Einige Gedichte erscheinen im Vossischen „Musenalmanach“; anschließend nur noch vergleichsweise wenige Veröffentlichungen in Zeitschriften. Vom 20. Januar bis 8. Februar Aufenthalt bei Johann Friedrich Oberlin in Waldersbach im elsässischen Steintal; Verschärfung der psychischen Leiden. Anschließend wieder bei Schlosser in Emmendingen; Unterbringung zunächst bei einem Schumacher, dann bei einem Förster in Weisweil.

1779

Aufenthalt bei einem Arzt in Hertingen, wo sein jüngerer Bruder Carl ihn im Juni abholt und mit ihm nach Riga zurückkehrt. Versuche, dort eine Anstellung zu finden, scheitern.

1780

„Philosophische Vorlesungen für empfindsame Seelen“ erscheinen. Von Februar bis September in St. Petersburg, um dort eine Stellung zu suchen.
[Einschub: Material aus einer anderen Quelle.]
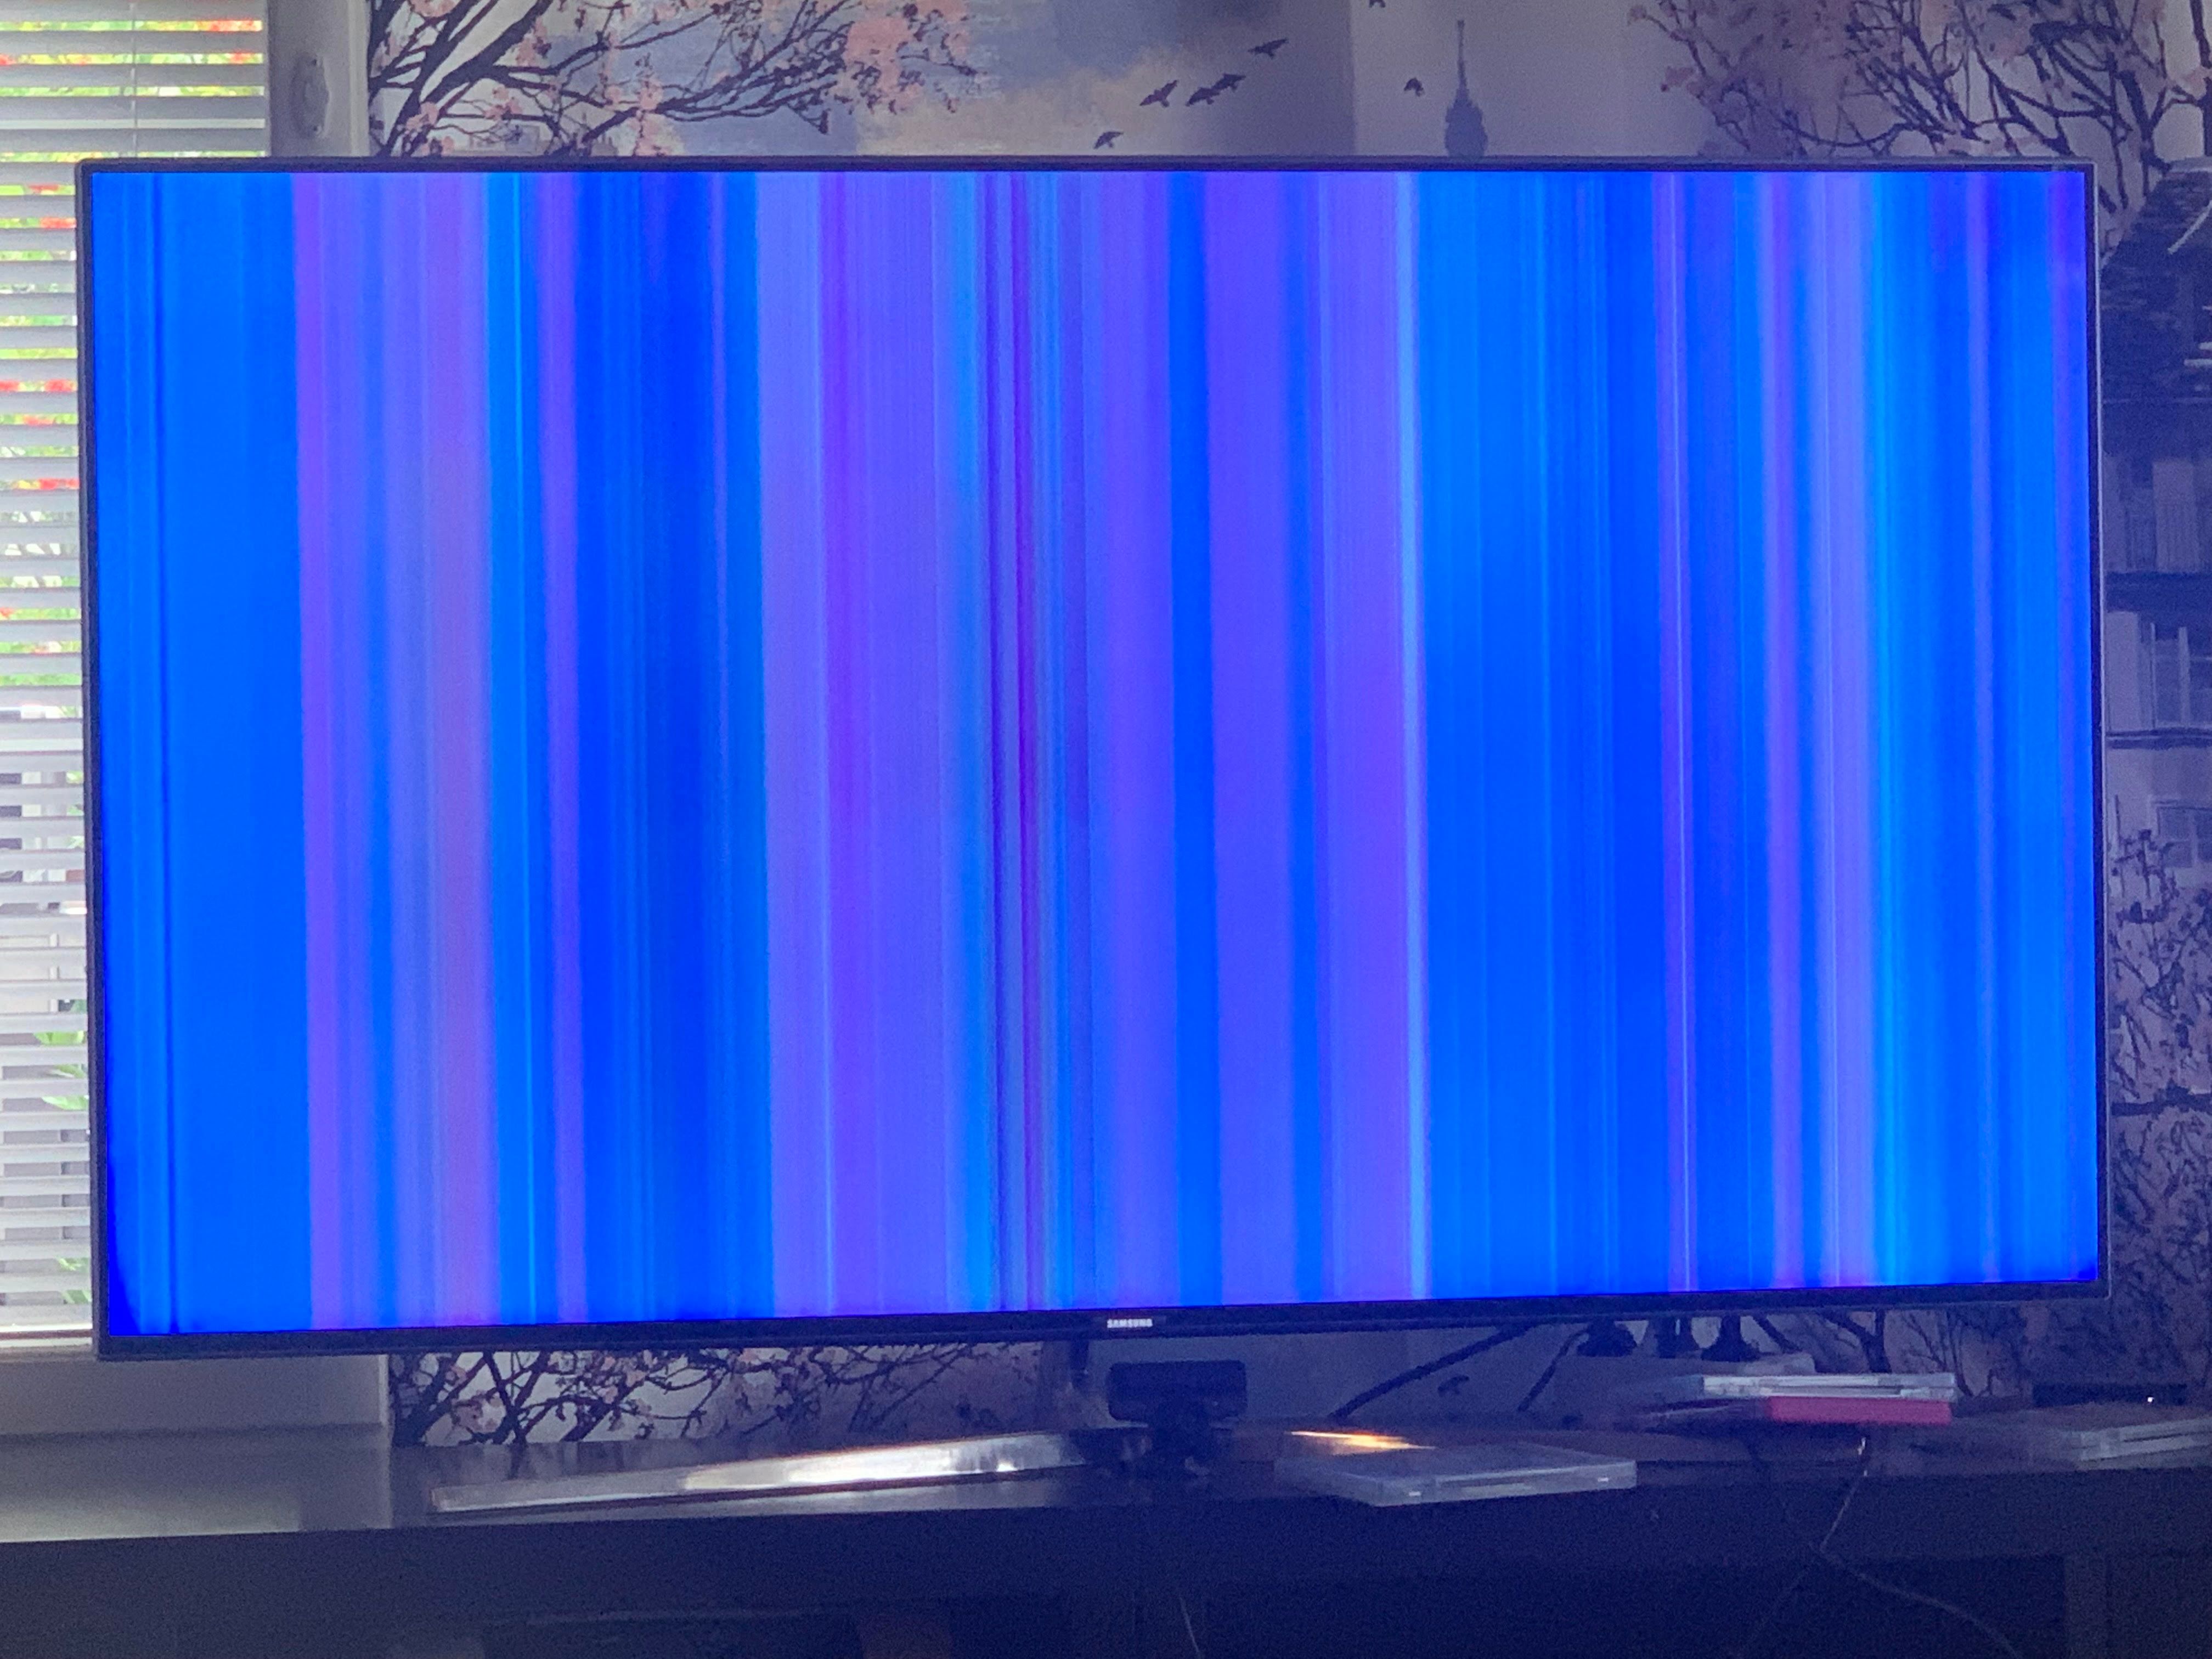 Вертикальная полоса телевизор самсунг. Цветные полосы на экране телевизора. Android TV вертикальная полоса. Вертикальная полоса на телевизоре самсунг 2012. Ue40j5200au зеленые вертикальные полосы.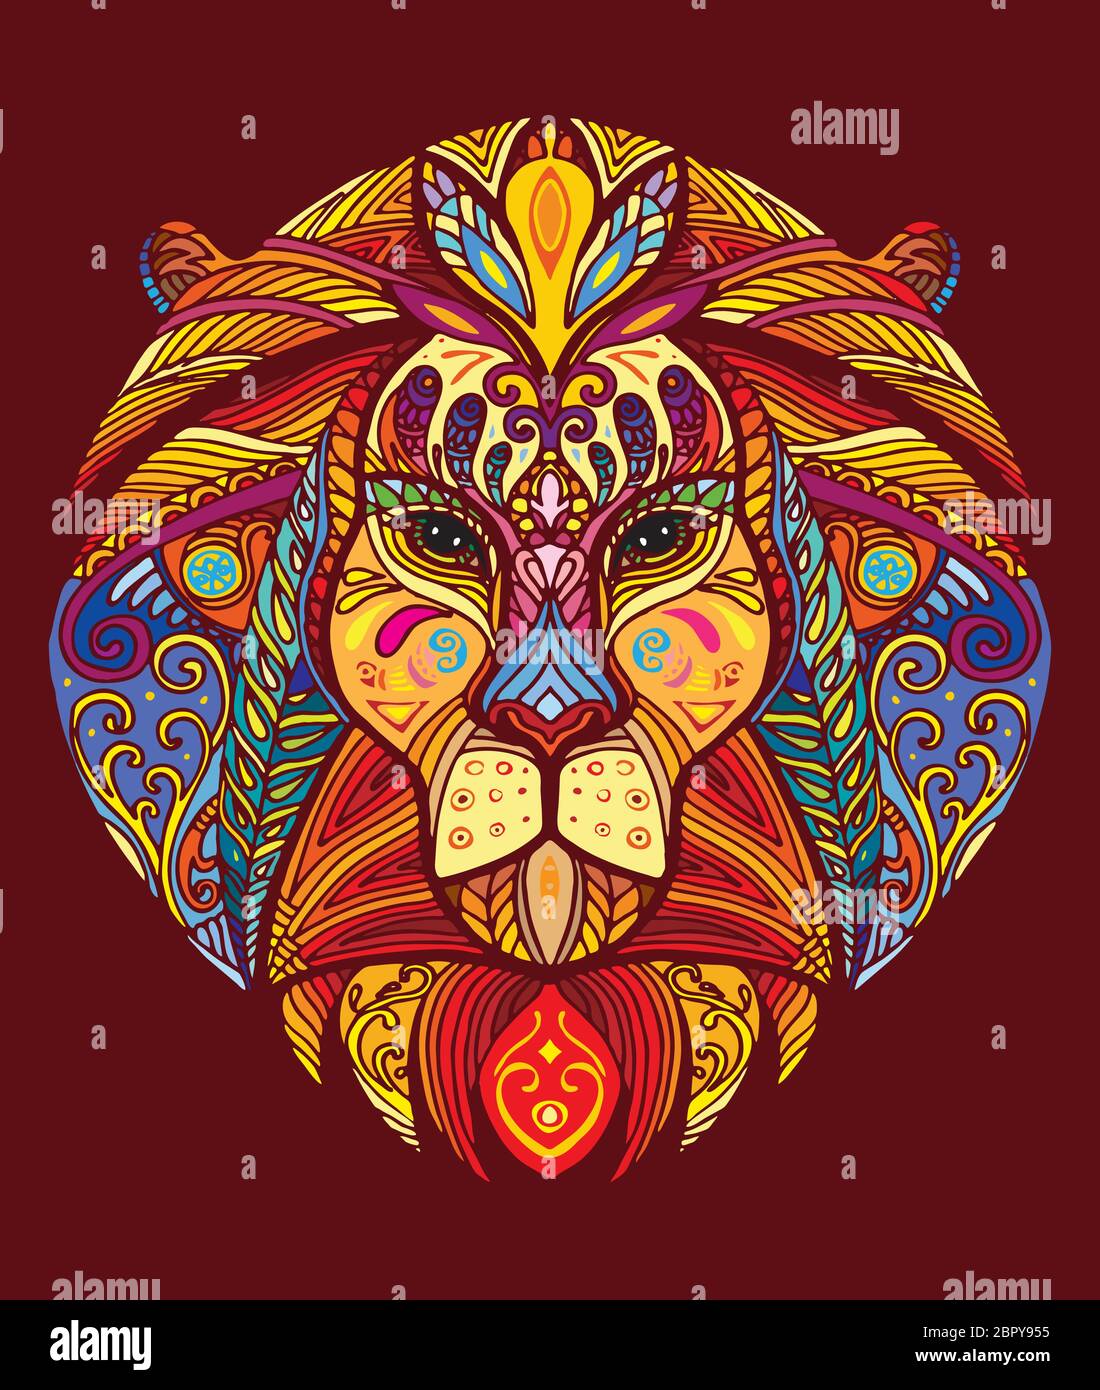 Vettore decorativo doodle testa ornamentale del leone. Vettore astratto colorato illustrazione della testa del leone isolato su sfondo rosso. Illustrazione del magazzino per Illustrazione Vettoriale

Anschließend als Hofmeister auf einem Gut in der Nähe von Dorpat.

1781

1781/82 Beiträge zu den beiden in Mitau erscheinenden Zeitschriften „Für Leser und Leserinnen“ und „Liefländisches Magazin der Lektüre“. Vom Februar bis zum Sommer nochmaliger Aufenthalt in St. Petersburg, von wo aus Lenz nach Moskau reist und Aufnahme im Haus des Historikers Gerhard Friedrich Müller findet. – Über Lenz’ Jahre in Moskau ist bislang wenig bekannt. Seinen Lebensunterhalt verdient er mit Unterricht, gelegentlich unterstützt durch russische Gönner. Er unterhält Kontakte zu Moskauer Freimaurerzirkeln und Schriftstellern, arbeitet an verschiedenen Reformprojekten (besonders zum russischen Erziehungswesen) und übersetzt aus dem Russischen.

1787

Übersetzung von Pleschtschejews „Übersicht des Russischen Reichs“ erscheint.

1792

Lenz stirbt am 3. oder 4. Juni (23./24. Mai nach dem Kalender alten Stils) in Moskau.

1828

Ludwig Tieck gibt Lenz’ „Gesammelte Schriften“ heraus. Im Laufe des 19. und frühen 20. Jahrhunderts werden zahlreiche zu Lebzeiten ungedruckt gebliebene Dramen, Gedichte, Prosatexte und theoretische Schriften aus dem umfangreichen Nachlaß veröffentlicht.